I also recommend this. I have tried all of the frameworks, and deploy some still for some clients- but for my personal agents, its my own custom framework that is dead simple and very easy to spin up, extend, etc.
This sounds interesting. What about the agent behavior itself? How it decides how to come at a problem, what to show the user along the way, and how it decides when to stop? Are these things you have attempted to grapple with in your framework?

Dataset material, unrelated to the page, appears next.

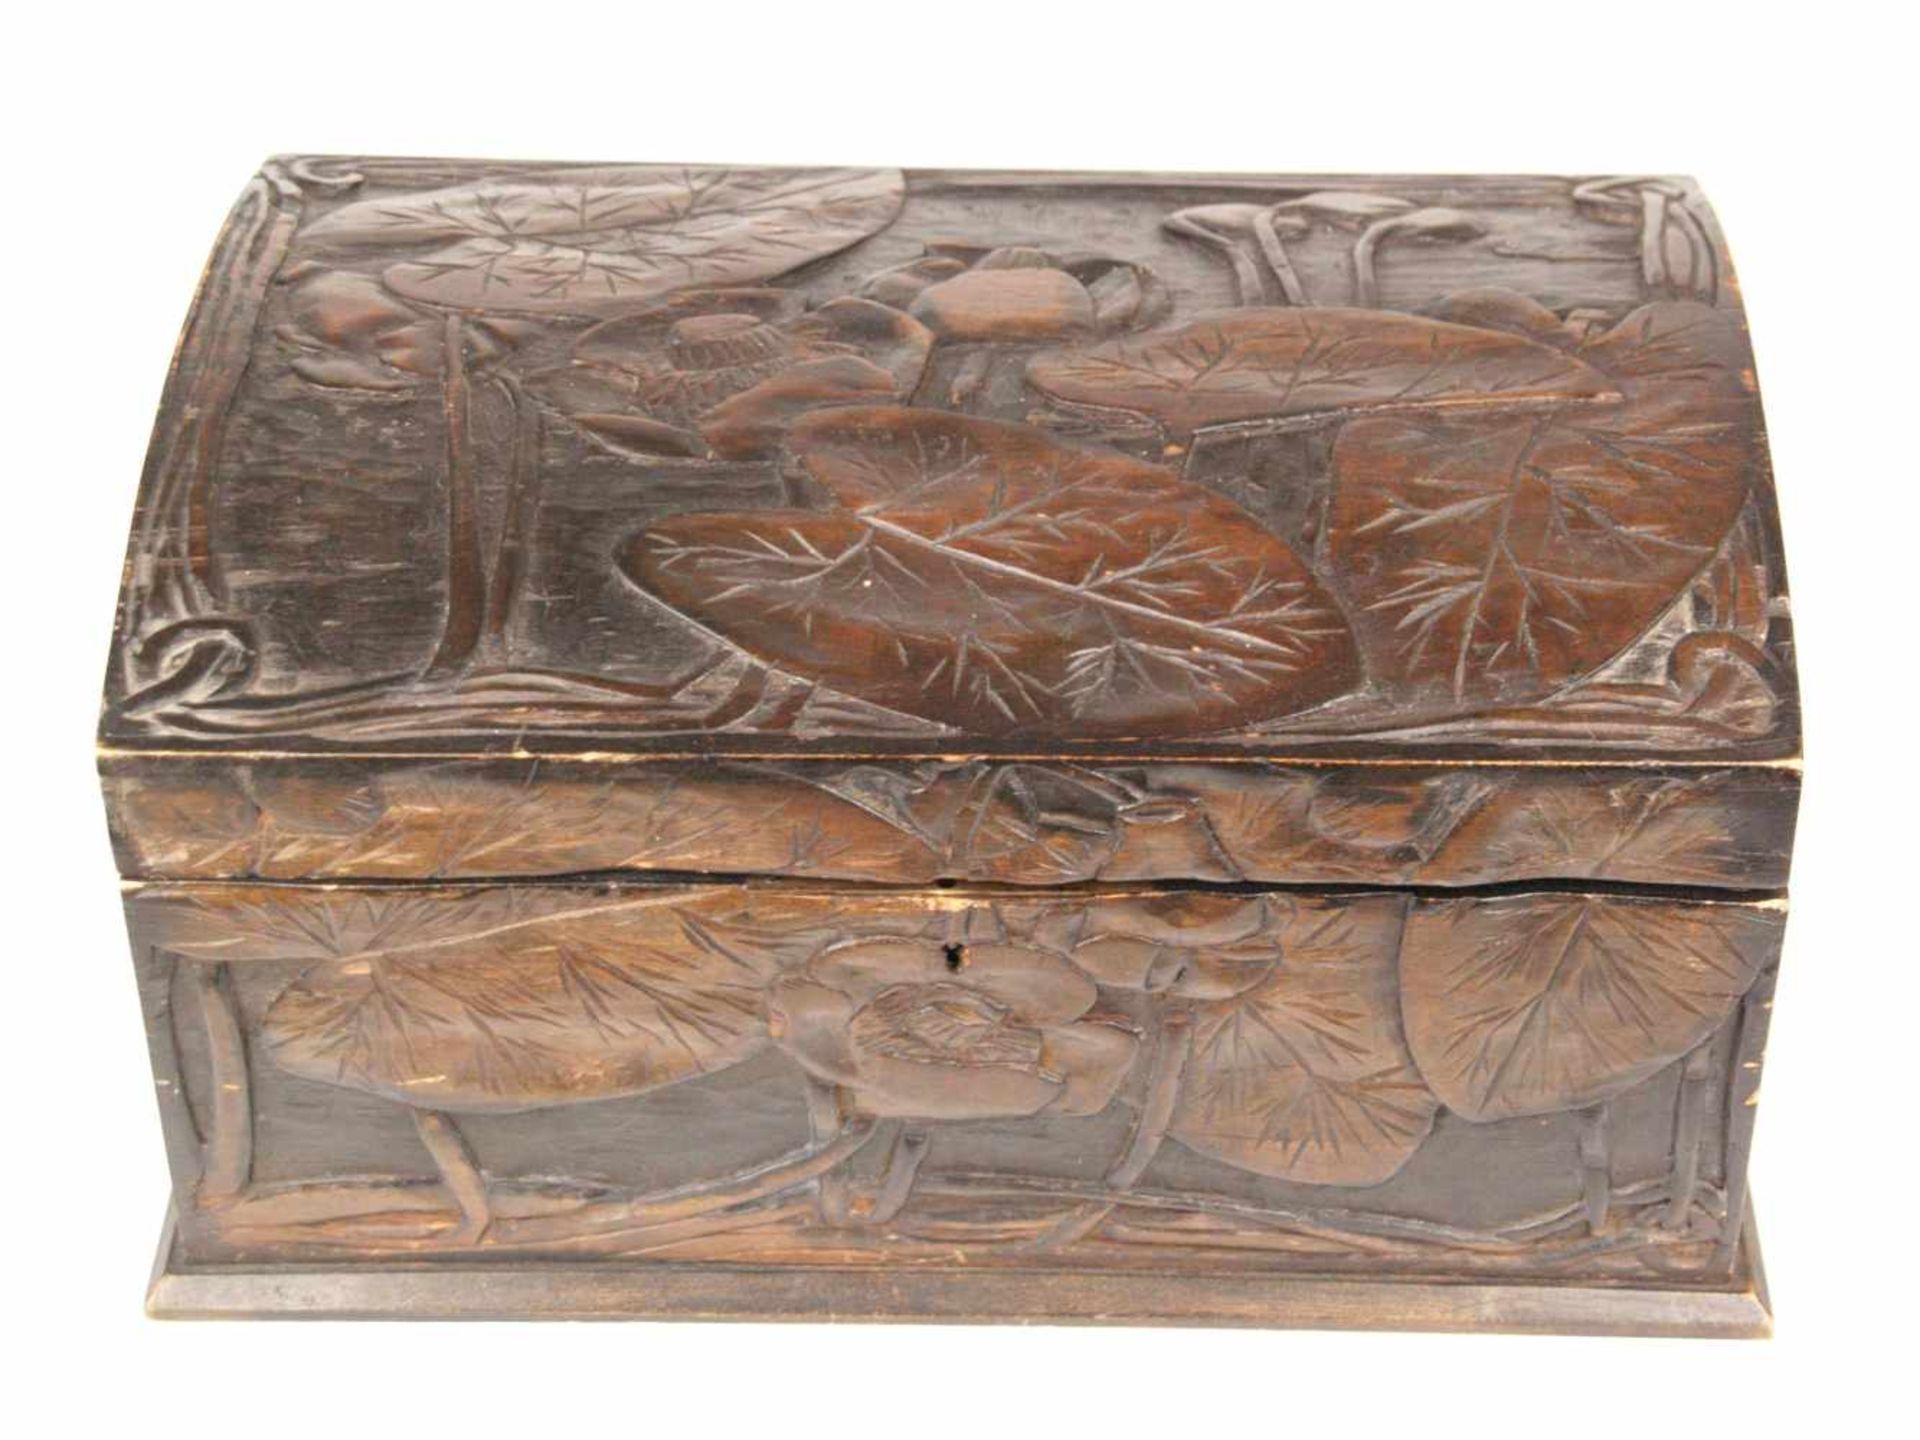 Holzkasten - rechteckiger Korpus, außen braun bemalt, geschnitzter Lotosblumen Dekor,

Excellent write up. I’ve been thinking a lot about caching and agents so this was right ilup my alley.
Have you experimented with using semantic cache on the chain of thought(what we get back from the providers anyways) and sending that to a dumb model for similar queries to “simulate” thinking?
Yes, this is great advice. It also applies to interfaces. When we designed a support "chat bot", we went with a diferent architecture than what's out there already. We designed the system with "chat rooms" instead, and the frontend just dumps messages to a chatroom (with a session id). Then on the backend we can do lots of things, incrementally adding functionality, while the front end doesn't have to keep up. We can also do things like group messages, have "system" messages that other services can read, etc. It also feels more natural, as the client can type additional info while the server is working, etc.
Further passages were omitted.